Family files wrongful death suit against Tony Stewart

ALBANY, N.Y. – The family of a young driver struck and killed by Tony Stewart’s car on an upstate New York sprint racing track filed a wrongful death lawsuit against the NASCAR star Friday.

The lawsuit was filed as Stewart returns to Watkins Glen International on the one-year anniversary of the fatal crash.

The lawsuit accuses Stewart of gross negligence, saying he gunned his engine and put his car into a skid as 20-year-old Kevin Ward Jr. walked onto the track after a crash at Canandaigua Motorsports Park on Aug. 9, 2014. The car struck Ward, and he was killed.

A grand jury declined to indict Stewart.

Golf

Furyk erasing bad course memories with stellar play

Jim Furyk is two rounds away from erasing a couple of bad memories at Firestone.

Even with a bogey on his last hole for the second consecutive day, Furyk did plenty right Friday in the Bridgestone Invitational for another 4-under 66 that gave him a four-shot lead going into the weekend.

RENO, Nev. – Andres Gonzales had 11 birdies and a bogey in a 21-point round Friday for a share of the lead with Brendan Steele in the Barracuda Championship.

CALGARY, Alberta – Colin Montgomerie birdied three of the final four holes for an 8-under 62 and the first-round lead Friday in the Champions Tour’s Shaw Charity Classic.

NFL

49ers let Aldon Smith go after more legal issues

SANTA CLARA, Calif. – Linebacker Aldon Smith was released by the San Francisco 49ers after his latest arrest.

The team announced the move Friday, hours after Smith was let out of jail.

Smith was arrested Thursday night, the fifth legal run-in since the team drafted him, and two days after general manager Trent Baalke said the organization would like to keep him beyond this season.

Santa Clara police arrested Smith, who is accused of drunken driving, hit and run and vandalism.

South Dakota tribe doesn’t welcome Redskins’ money

SIOUX FALLS, S.D. – A Native American tribe in South Dakota will return a $25,000 donation from a charitable arm of the NFL’s Washington Redskins.

A check for that amount from the Washington Redskins’ Original Americans Foundation was made out to the rodeo association of the Cheyenne River Sioux Tribe in South Dakota.

Tribal Council Vice Chairman Ryman LeBeau told The Associated Press that the council voted Wednesday to return the current donation and any future money from the organization.

Team owner Dan Snyder created the organization in March 2014 after calls for the team to change its name, which activists have long considered offensive.

Soccer

Top CONCACAF official out in latest scandal backlash

MIAMI – CONCACAF fired its secretary general, Enrique Sanz, who is implicated in a U.S. Department of Justice investigation of corruption in soccer.

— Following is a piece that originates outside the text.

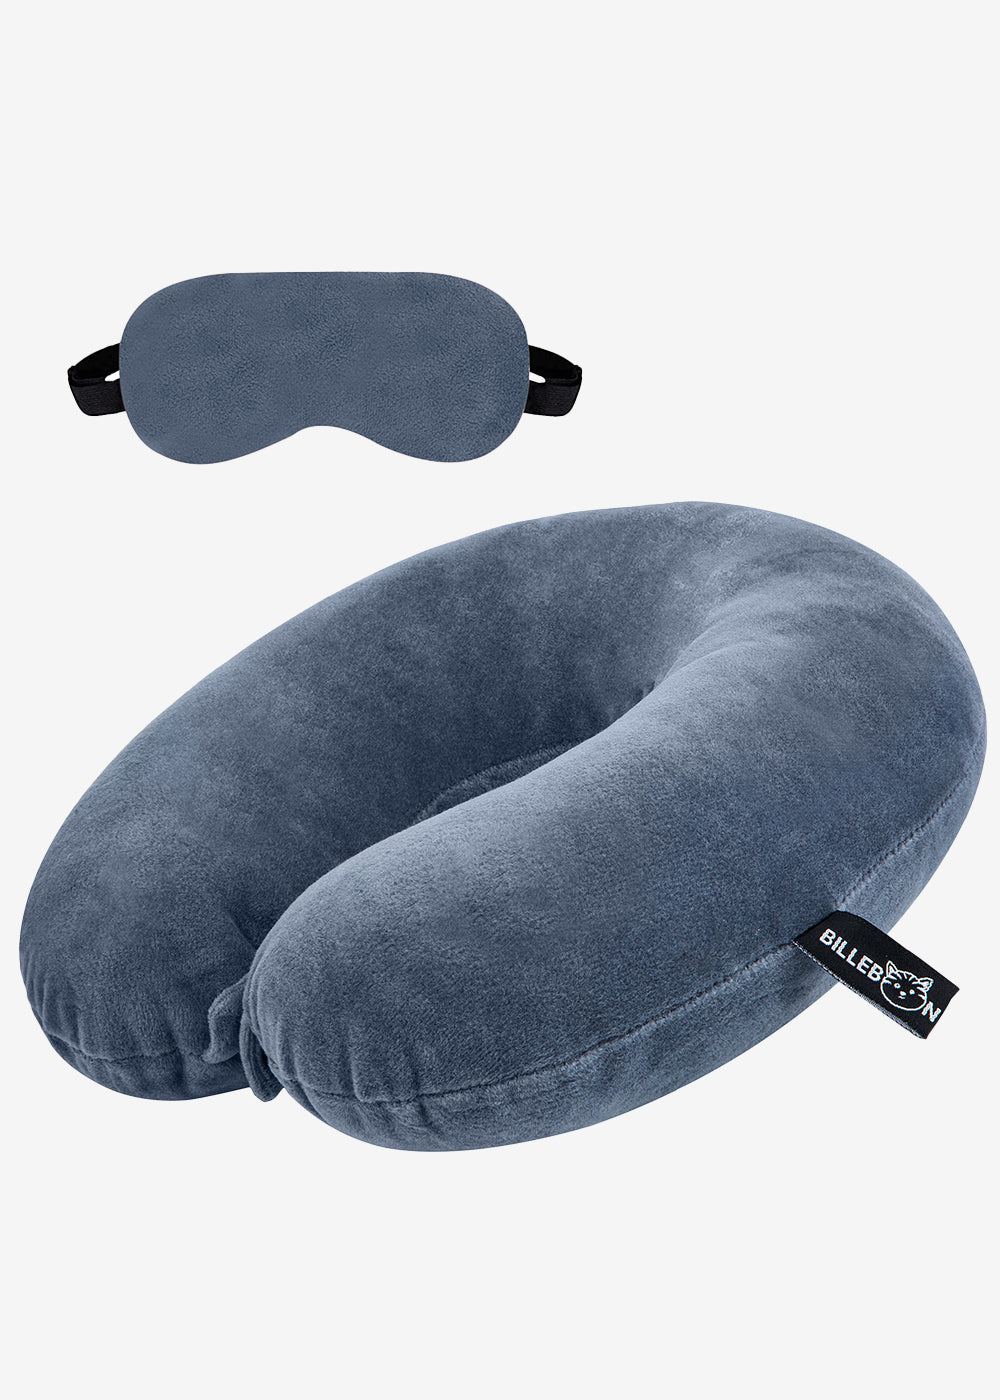 Billebon Premium Fibre Filled Neck Pillow With Eye mask custom

Sanz is already facing a life ban from FIFA which provisionally suspended him June 1.

On the same day, he was provisionally banned by CONCACAF pending an internal inquiry of corruption which also implicated its president Jeffrey Webb in taking bribes arranged by Sanz.

Sanz, a Colombian-American, was an executive with marketing agency Traffic Sports when he joined CONCACAF in 2012.